Virginia and the Currency Act of 1764
The Currency Act of 1764 extended to the other American colonies restrictions placed on New England in 1751 that prohibited the emission of paper money as legal tender and required the retirement of existing emissions on the dates set forth by the colonial assemblies. Although other southern colonies engaged in the practice, Virginia was the principal offender, having by 1764 placed hundreds of thousands of pounds in circulation, mostly to pay for fighting the French in the Seven Years War. Unlike paper money issued by other colonies, and even notes of the Bank of England, the Virginia Assembly made their currency legal tender for the payment of all debts throughout the British world except royal quitrents. Moreover, Virginians repeatedly refused calls from London officials to recall their currency in spite of the fact that the real value of Virginia's money had, by 1759, depreciated to a third of the British pound sterling.

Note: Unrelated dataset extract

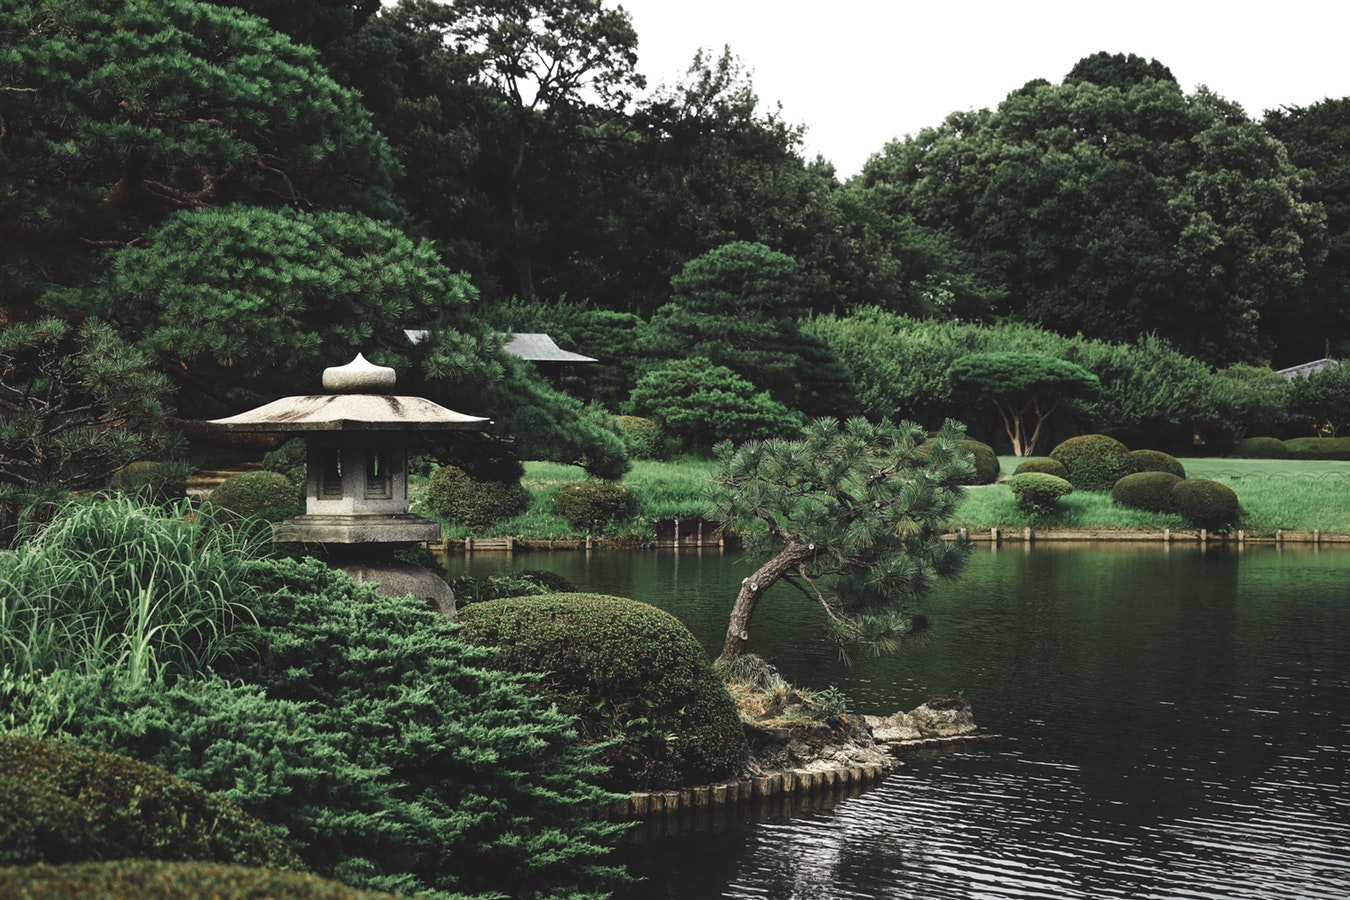 park lake and zen garden

Virginians were bitter at British merchants for pressuring Parliament and the Board of Trade to take action to force the colonies to retire their depreciated currency. A young Virginia planter, Robert Beverley, complained in 1763 about the "Machinations of those very Merchants who draw their Subsistence, as it were from our very Vitals." To make matters worse, poor tobacco prices and poor crops in the 1750s and early 1760s had not prevented many Virginians from incurring greater debts by importing goods. Yet Virginians expressed no opposition to the Currency Act itself. In fact, many were relieved that the act had not gone as far as the merchants wished by requiring immediate retirement of all colonial currency.
The Currency Act of 1764 showed that imperial administrators, such as George Grenville, at best did not understand colonial economic problems. By removing already scarce mediums of commercial exchange, the Currency Act fostered a transatlantic trade recession that deepened a serious but brief post-war depression.